PROMPT | Copy out the whole listing exactly as written, leaving the pictures behind.

COLLECTED DATA |
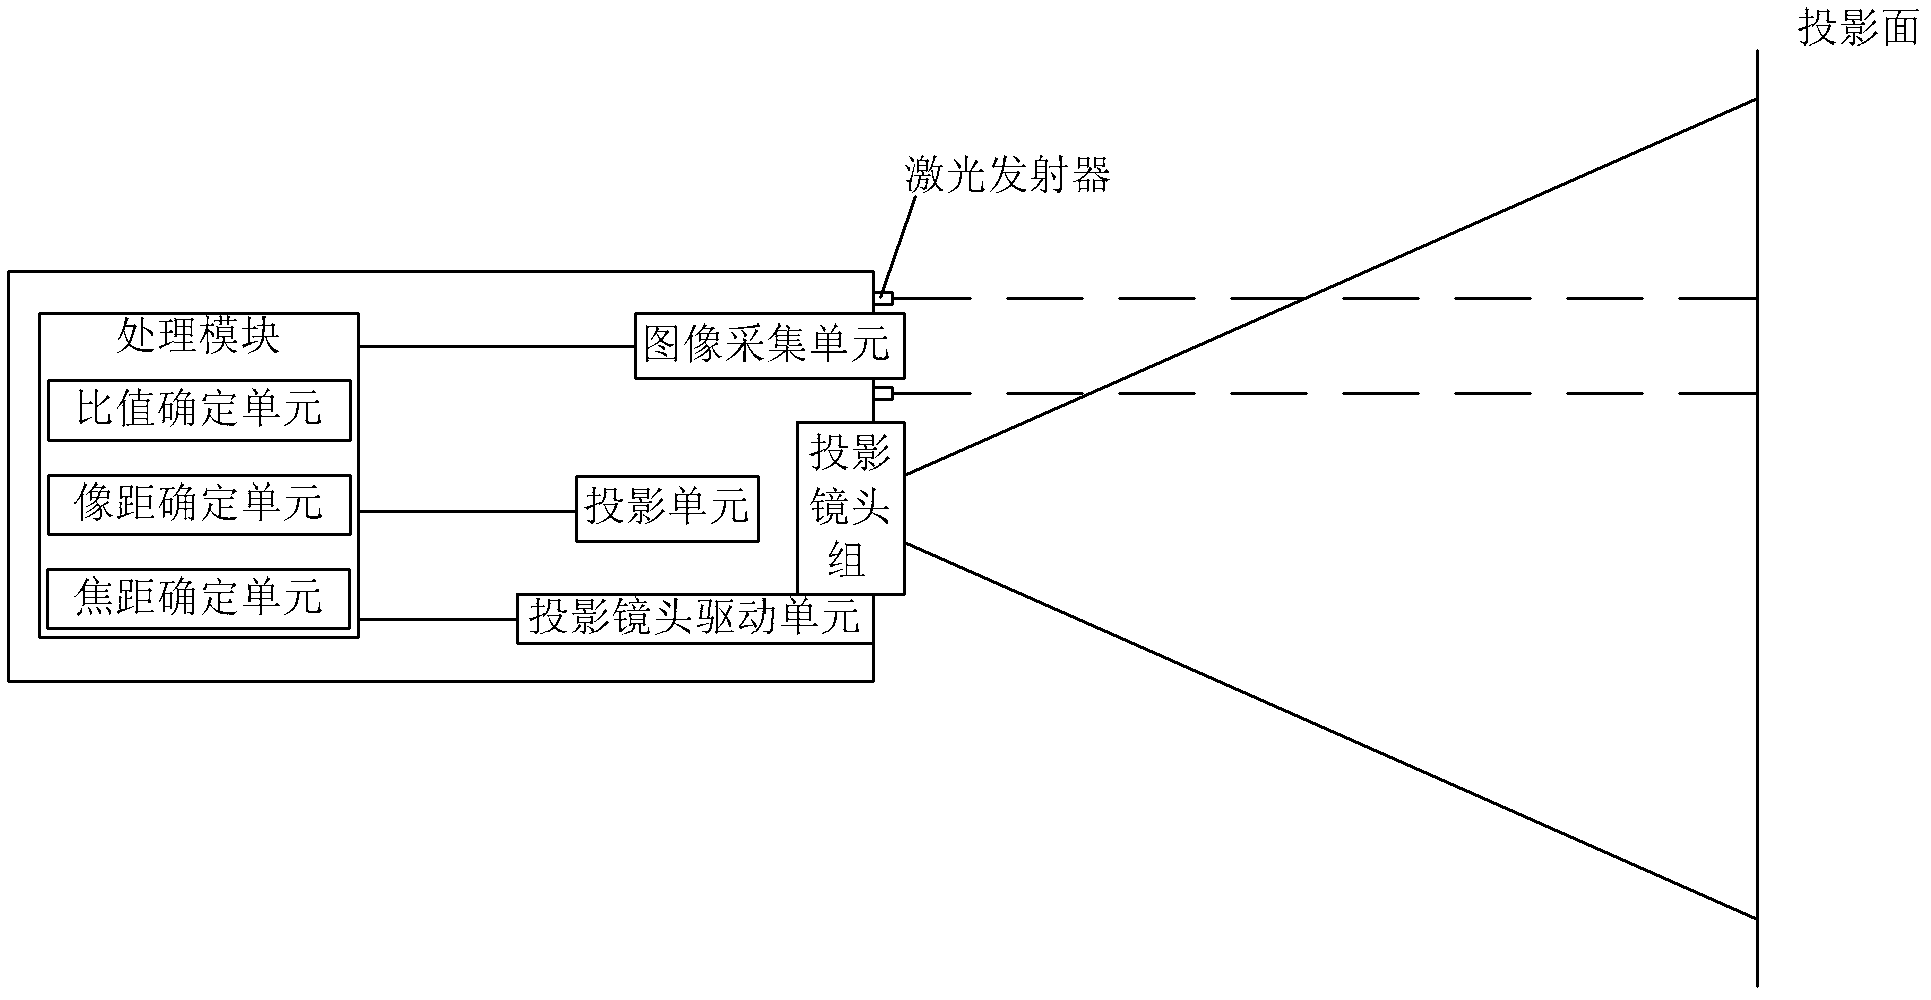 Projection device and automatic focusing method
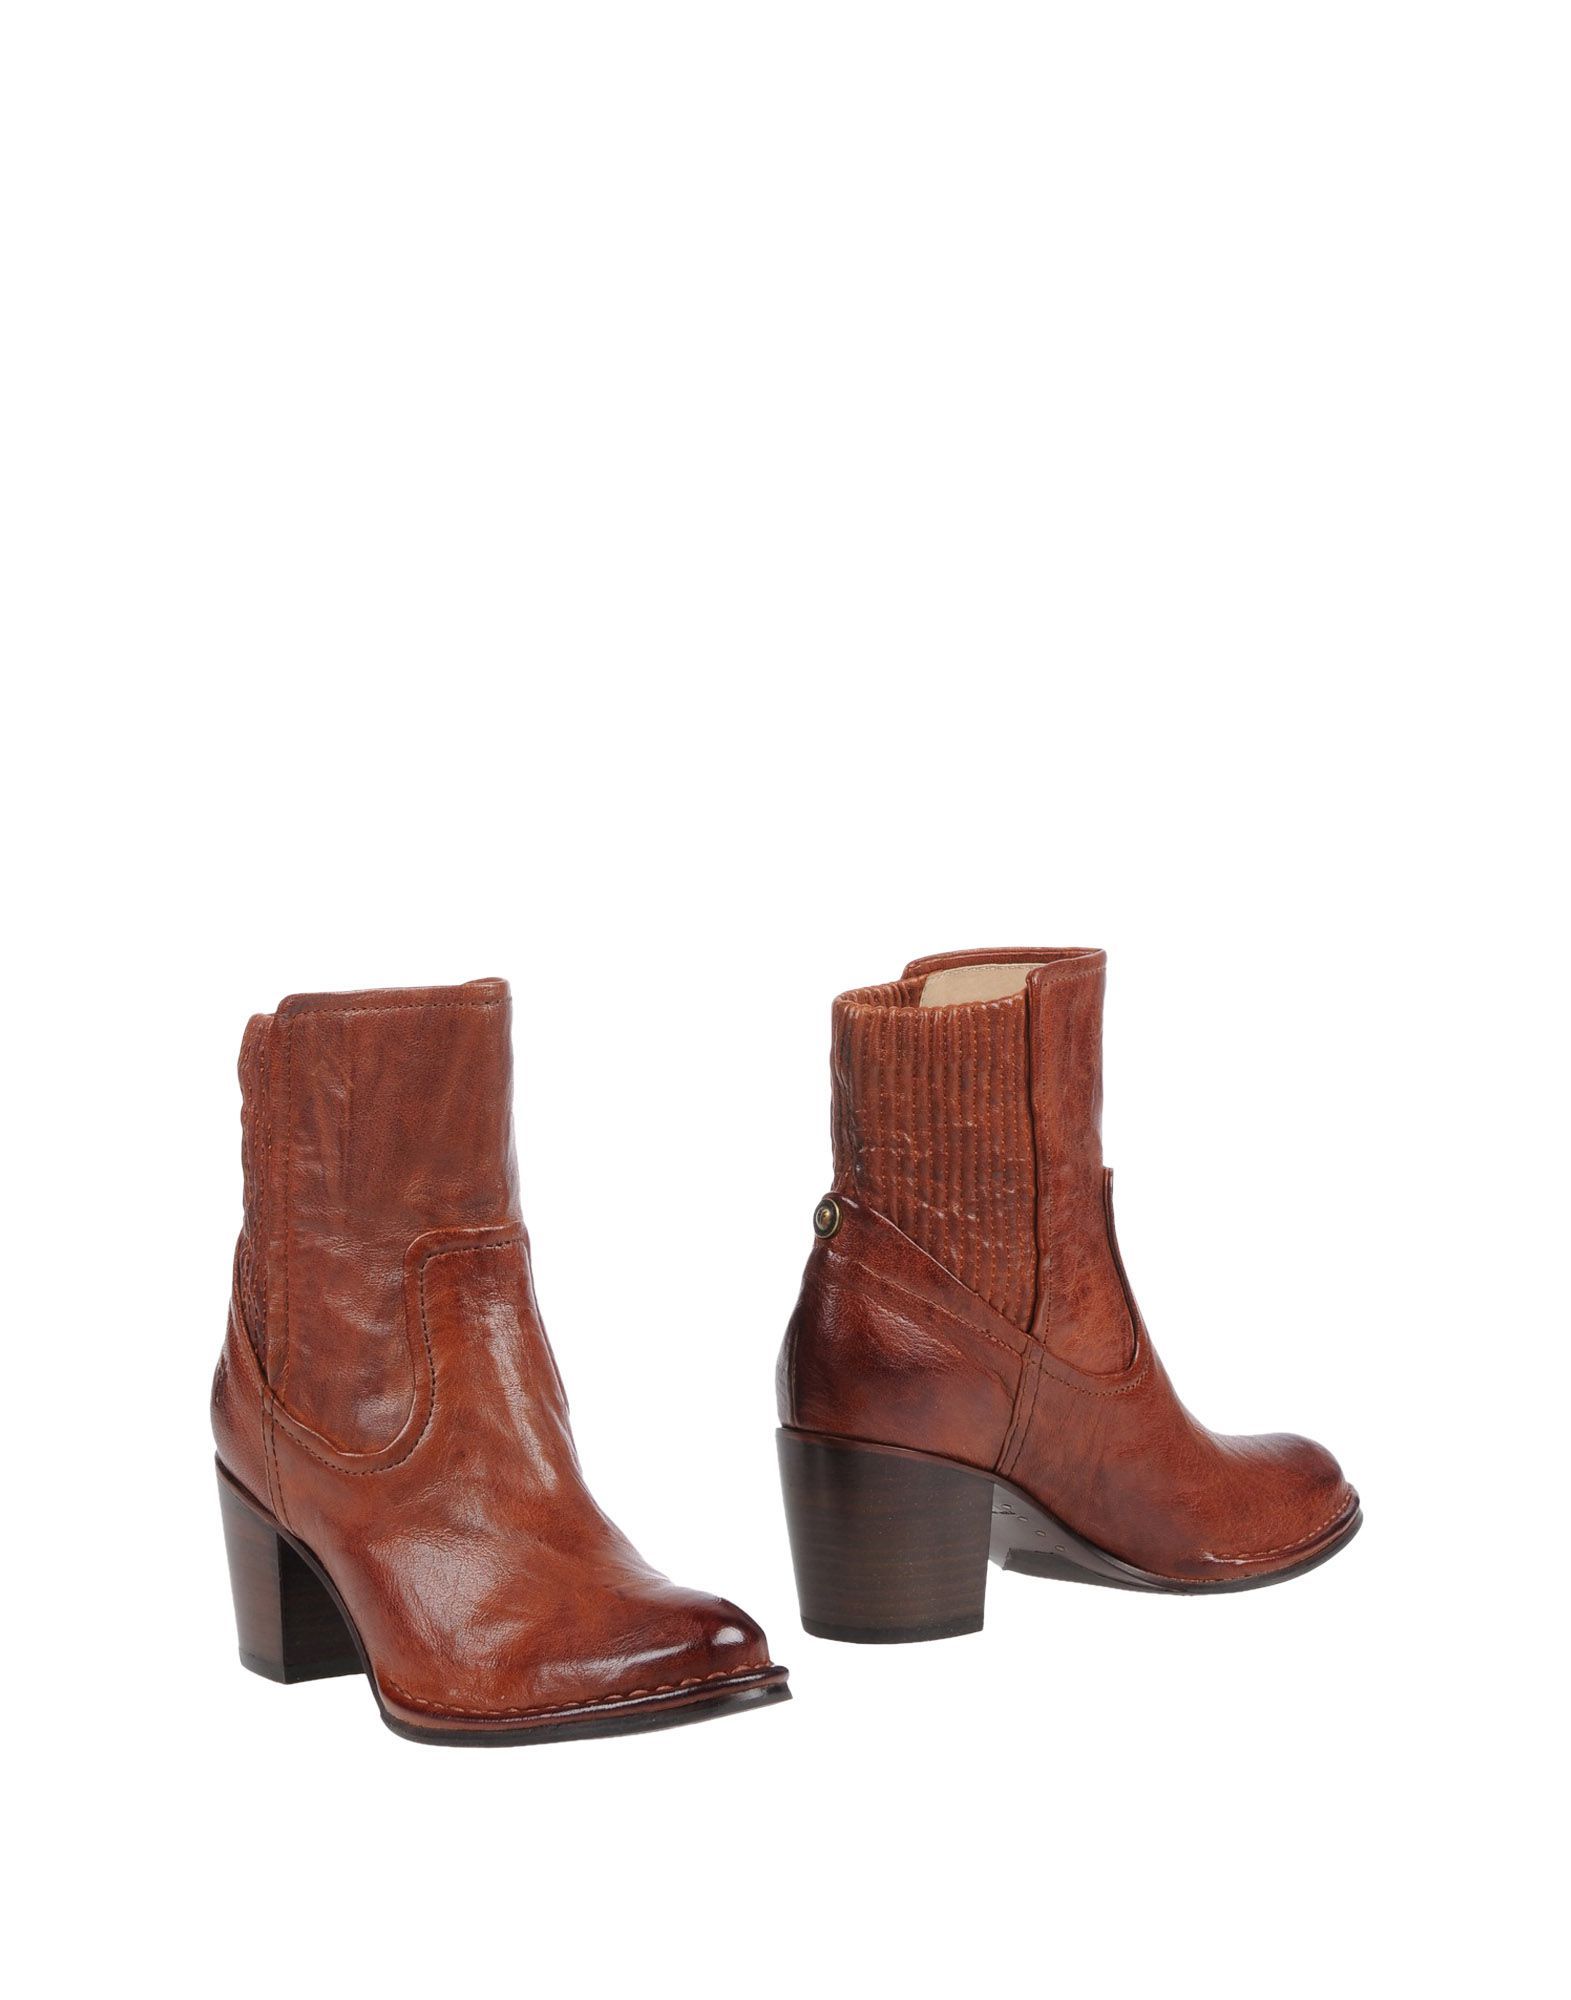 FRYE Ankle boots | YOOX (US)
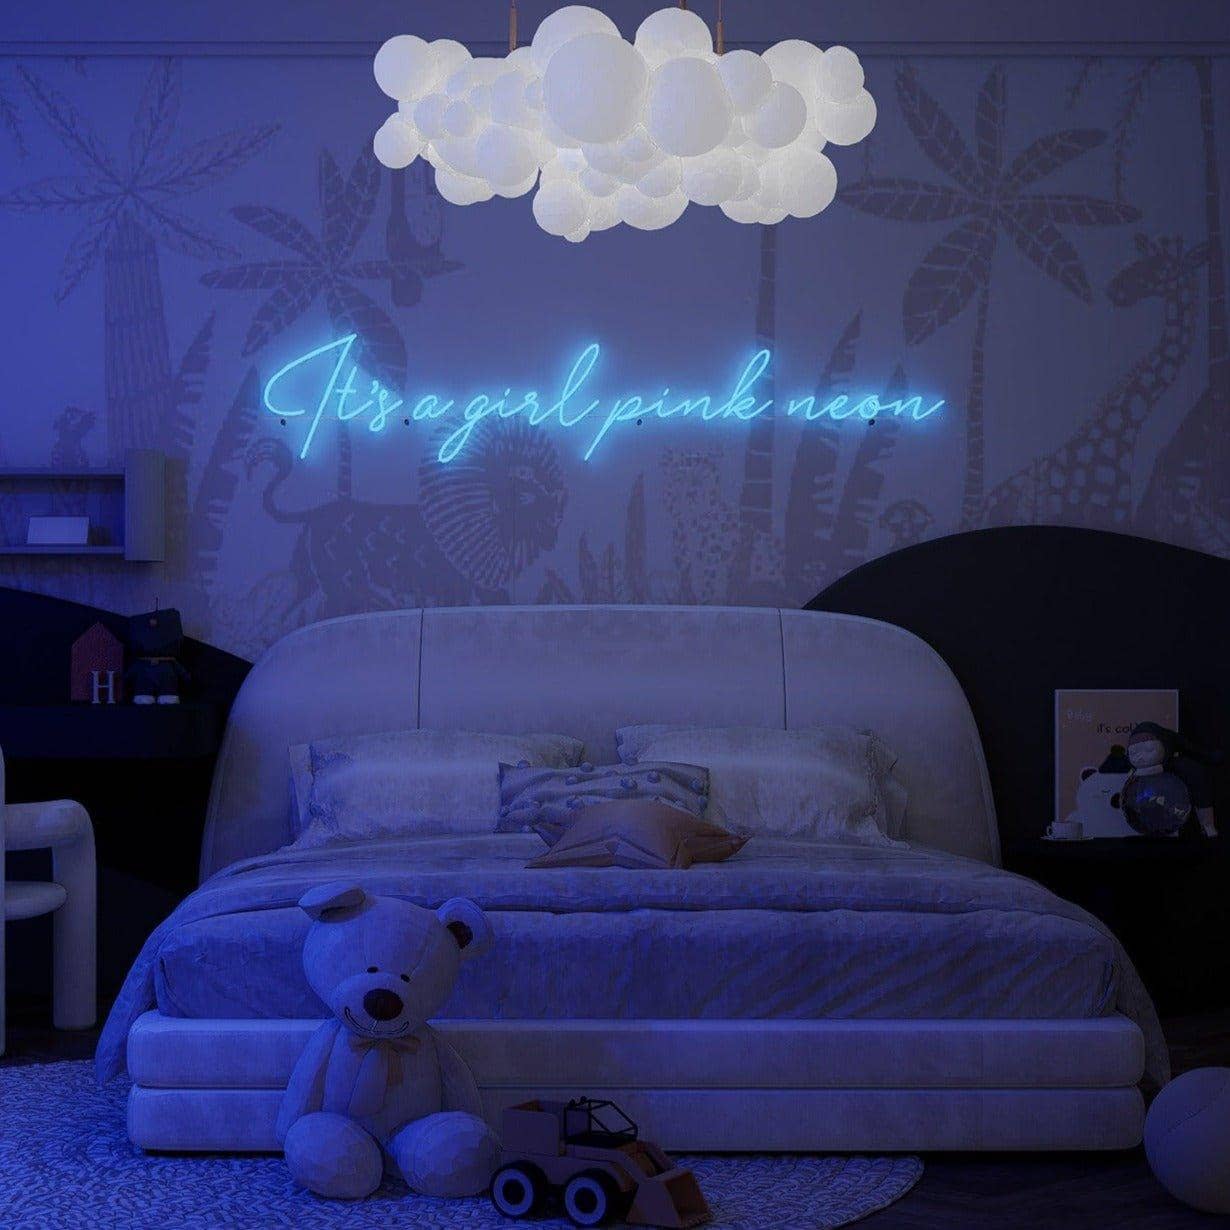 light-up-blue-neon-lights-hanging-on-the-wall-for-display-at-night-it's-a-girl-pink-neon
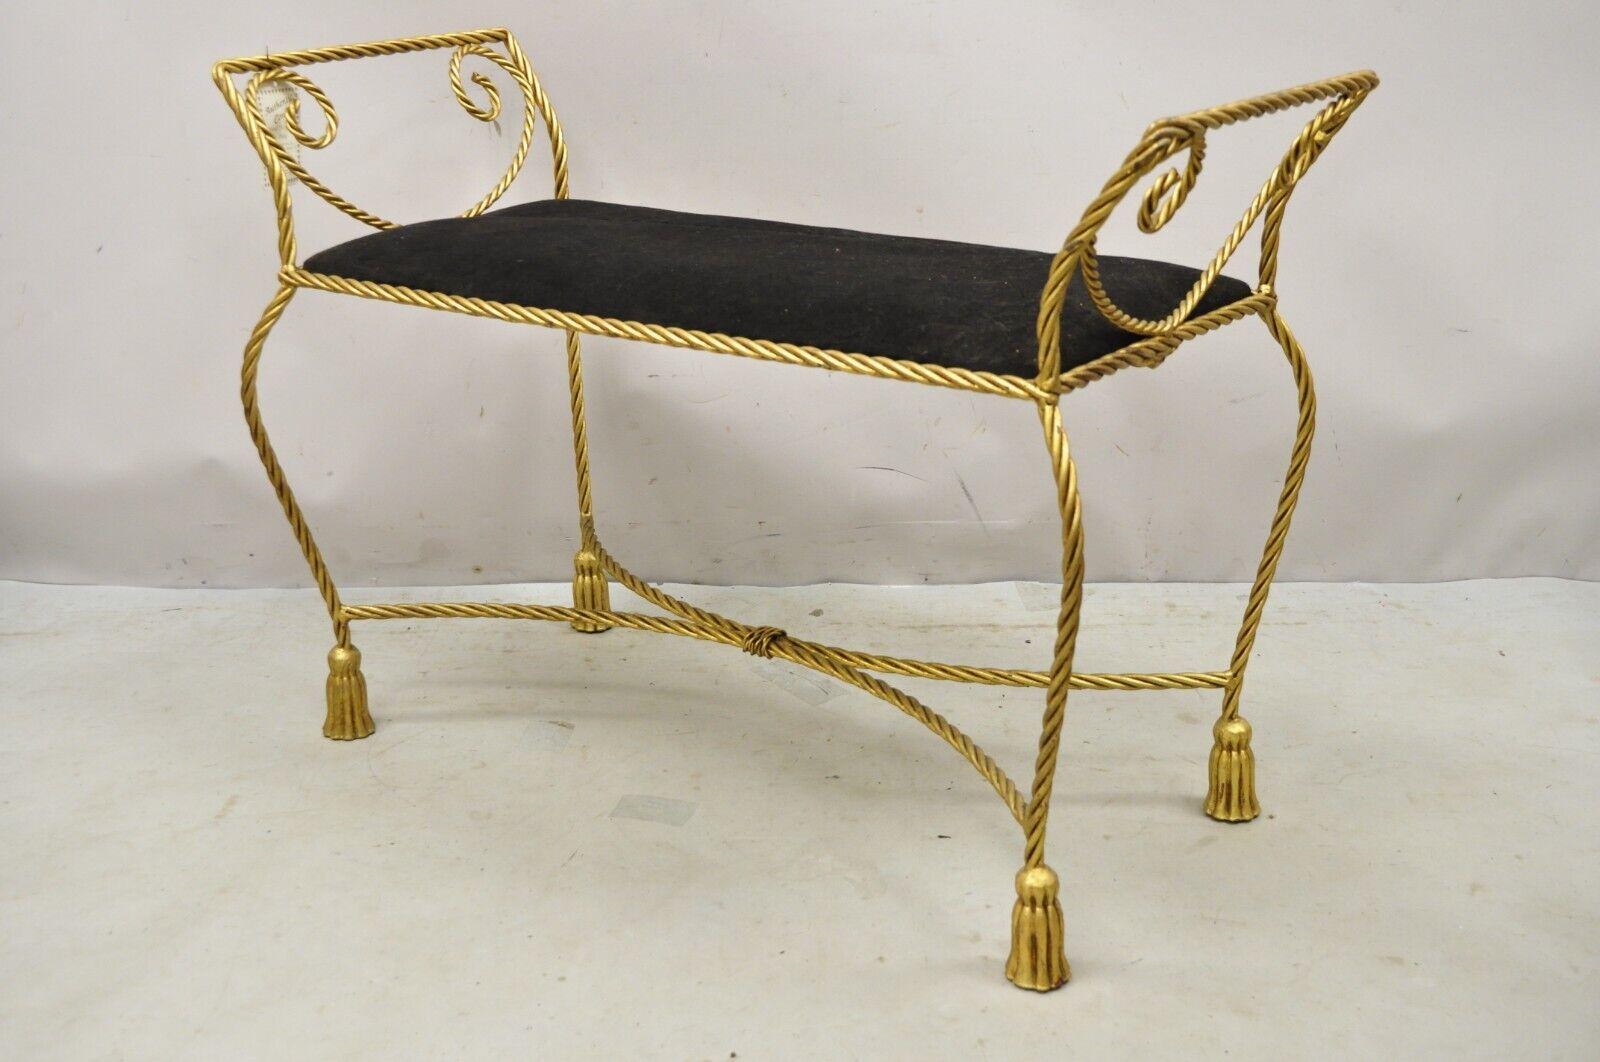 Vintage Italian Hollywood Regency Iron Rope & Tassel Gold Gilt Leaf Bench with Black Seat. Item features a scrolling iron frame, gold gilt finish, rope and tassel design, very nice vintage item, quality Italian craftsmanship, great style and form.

EXERCISE RESULT |
 Projection device and automatic focusing method
 FRYE Ankle boots | YOOX (US)
 light-up-blue-neon-lights-hanging-on-the-wall-for-display-at-night-it's-a-girl-pink-neon
 Vintage Italian Hollywood Regency Iron Rope & Tassel Gold Gilt Leaf Bench with Black Seat. Item features a scrolling iron frame, gold gilt finish, rope and tassel design, very nice vintage item, quality Italian craftsmanship, great style and form.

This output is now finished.